Collabora nextcloud docker linking problems

droidhackzor · January 10, 2020, 12:39am

i don’t want to necro other closed or unanswered topics so i am making a new topic that seems to combine a few different problems i have seen on here. and i will provide as much information as i can to see if this combination of problems can be solved.
and i do realize that the problem MAY not be nextcloud itself.

first, i have opened ports on my router to support all installs
a dedicated docker network was created for internal dns crosstalk called proxynetEDIT
All docker containers are in the proxynet docker network
router%20port%20forwarding
i am running unraid 6.7.2 with latest docker, i am running all of the appliances needed as docker form.
docker-letsencrypt - linuxserver/letsencrypt repo = functional
letsencrypt%20ports
http validation is selected
Certificate exists; parameters unchanged; starting nginx
Starting 2019/12/30, GeoIP2 databases require personal license key to download. Please manually download/update the GeoIP2 db and save as /config/geoip2db/GeoLite2-City.mmdb
[cont-init.d] 50-config: exited 0.
[cont-init.d] 99-custom-files: executing…
[custom-init] no custom files found exiting…
[cont-init.d] 99-custom-files: exited 0.
[cont-init.d] done.
[services.d] starting services
[services.d] done.
Server ready
docker-nextcloud - linuxserver/nextcloud repo = functional
*nextcloud’s setting for collabora is set.
nextcloud%20collabora
docker-collabora - collabora/code repo = functional-port9980

now, everything being installed, running and mostly functional, i look at the docker of nextcloud logs, here’s the end:
[cont-init.d] 10-adduser: exited 0.
[cont-init.d] 20-config: executing…
[cont-init.d] 20-config: exited 0.
[cont-init.d] 30-keygen: executing…
using keys found in /config/keys
[cont-init.d] 30-keygen: exited 0.
[cont-init.d] 40-config: executing…
[cont-init.d] 40-config: exited 0.
[cont-init.d] 50-install: executing…
[cont-init.d] 50-install: exited 0.
[cont-init.d] 60-memcache: executing…
[cont-init.d] 60-memcache: exited 0.
[cont-init.d] 99-custom-files: executing…
[custom-init] no custom files found exiting…
[cont-init.d] 99-custom-files: exited 0.
[cont-init.d] done.
[services.d] starting services
[services.d] done.
no errors, though there is a warning about a diferent version of luajit.

now a look at collabora’s logs:
wsd-00029-00029 2020-01-09 23:55:12.686029 [ loolwsd ] INF WSD initialization complete: setting log-level to [warning] as configured.| wsd/LOOLWSD.cpp:3435

wsd-00029-00035 2020-01-09 23:57:05.384006 [ websrv_poll ] ERR Socket #21 SSL BIO error: error:14094416:SSL routines:ssl3_read_bytes:sslv3 alert certificate unknown (0: Success)| ./net/SslSocket.hpp:291

clearly there is an issue communicating, this part of the log happens when there is an attempt to edit/create a file.
and then nextcloud spits out this error after the attempt:

The webpage at https://collabora.redacted.co:9980/loleaflet/3d7bdc4/loleaflet.html?WOPISrc=https%3A%2F%2F192.168.1.5%3A444%2Findex.php%2Fapps%2Frichdocuments%2Fwopi%2Ffiles%2F14_oc1iblwmjpn6&title=About.odt&lang=en-en&closebutton=1&revisionhistory=1 might be temporarily down or it may have moved permanently to a new web address.
the plus side is that nextcloud doesn’t give a notification that it couldn’t start collabora.
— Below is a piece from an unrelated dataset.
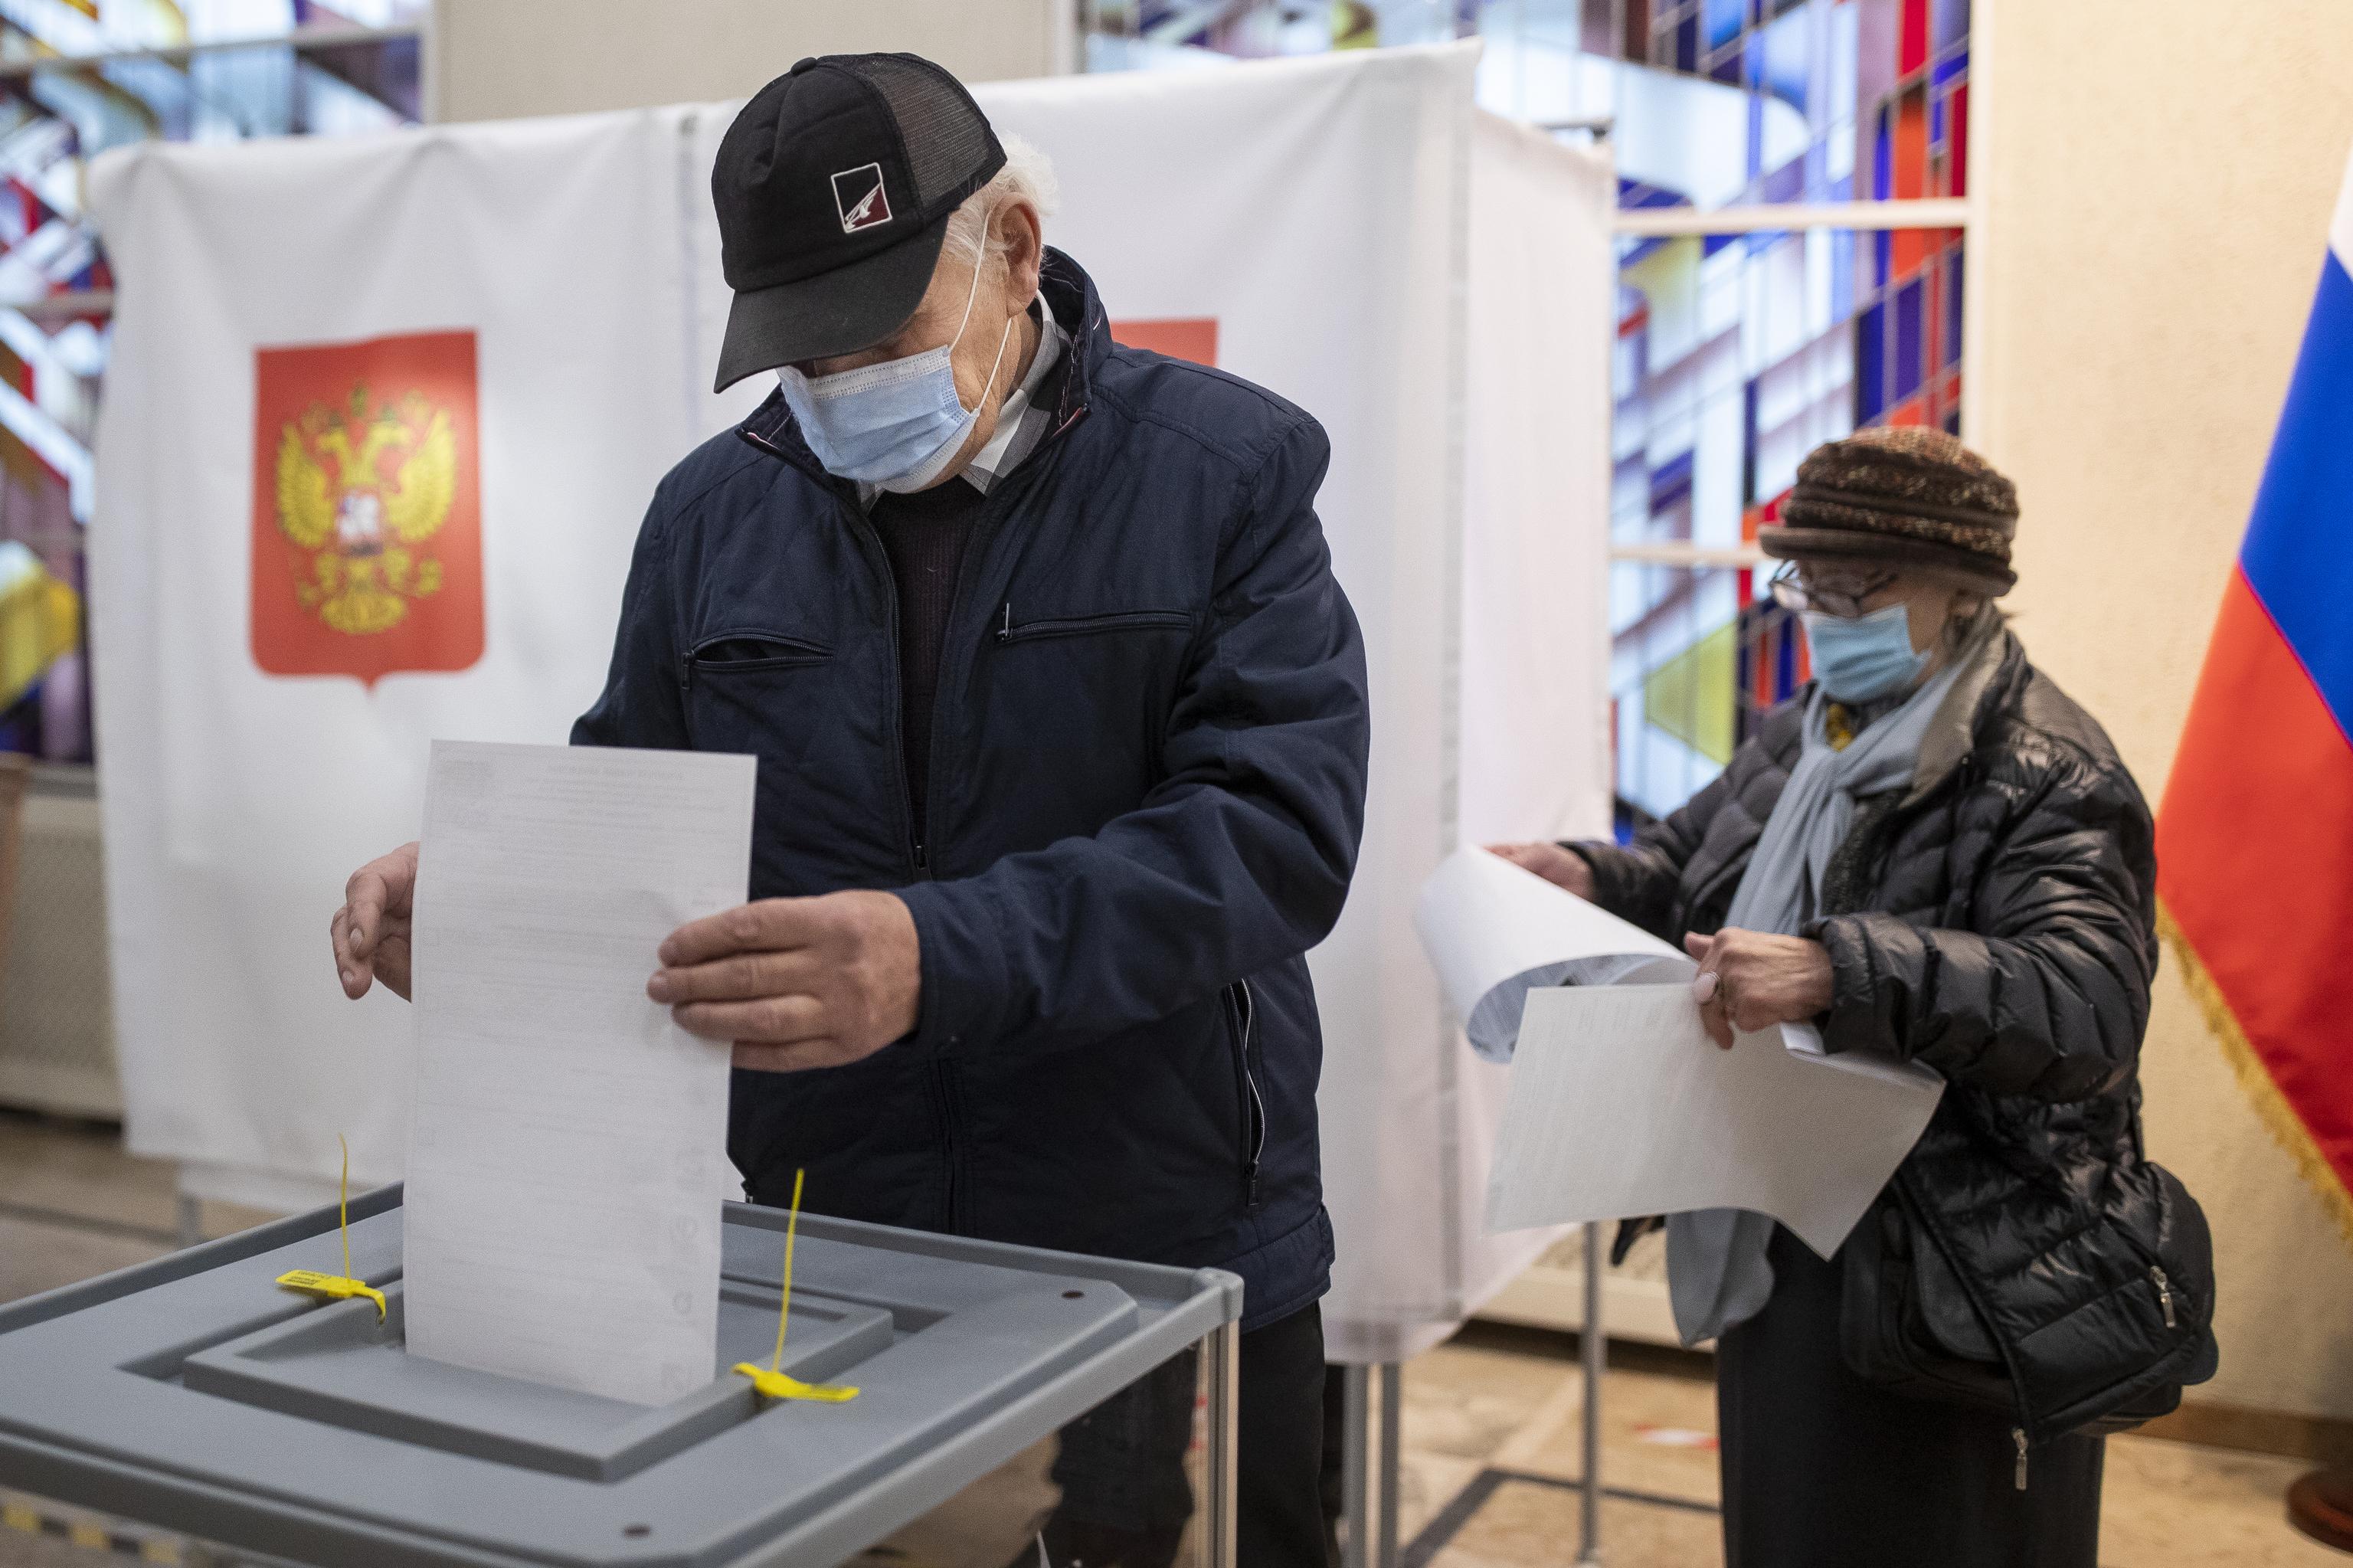 یک شهروند روسی در سفارت روسیه در لیتوانی رای می دهد.

as for any config files, i can provide them as needed since this post is already long enough but any help would be appreciated.

thank you in advance

Reiner_Nippes · January 10, 2020, 7:27am

you don’t need to expose port 9980 to the world.

only expose port 80/443 and use your nextcloud web server as a reverse proxy to the collabora container via the internal docker network.

example below:

github.com

ReinerNippes/nextcloud_on_docker/blob/f7a88d8099ade0e6f4699f6a2eb9e41d875ba309/roles/docker_container/templates/nginx.conf.j2#L86


        root /var/www/html;


        location = /robots.txt {
            allow all;
            log_not_found off;
            access_log off;
        }
{% if (online_office == 'collabora') and (ansible_architecture == 'x86_64') %}


        location ^~ /loleaflet {
            proxy_pass https://collabora_online:9980;
             proxy_set_header Host $http_host;
        }
        
        location ^~ /hosting/discovery {
            proxy_pass https://collabora_online:9980;
            proxy_set_header Host $http_host;
        }
         
        location ^~ /lool {
            proxy_pass https://collabora_online:9980;

even if you run collabora without docker (native on OS) you proxy pass to localhost:99800

github.com

ReinerNippes/nextcloud/blob/44afb5e0f47567c57ed140a6eb3ca70bf28b4088/roles/webserver/templates/nginx/nextcloud.conf.j2#L37




	location = /.well-known/carddav {
		return 301 $scheme://$host:{{ nextcloud_ssl_port }}/remote.php/dav;
	}
	location = /.well-known/caldav {
		return 301 $scheme://$host:{{ nextcloud_ssl_port }}/remote.php/dav;
	}
{% if install_collabora %}


	location ^~ /loleaflet {
		proxy_pass https://localhost:9980;
		proxy_set_header Host $http_host;
	}
	
	location ^~ /hosting/discovery {
		proxy_pass https://localhost:9980;
		proxy_set_header Host $http_host;
	}
	 
	location ^~ /lool {
		proxy_pass https://localhost:9980;

and you don’t need a fqdn for your collabora service. unless it’s running on a different machine.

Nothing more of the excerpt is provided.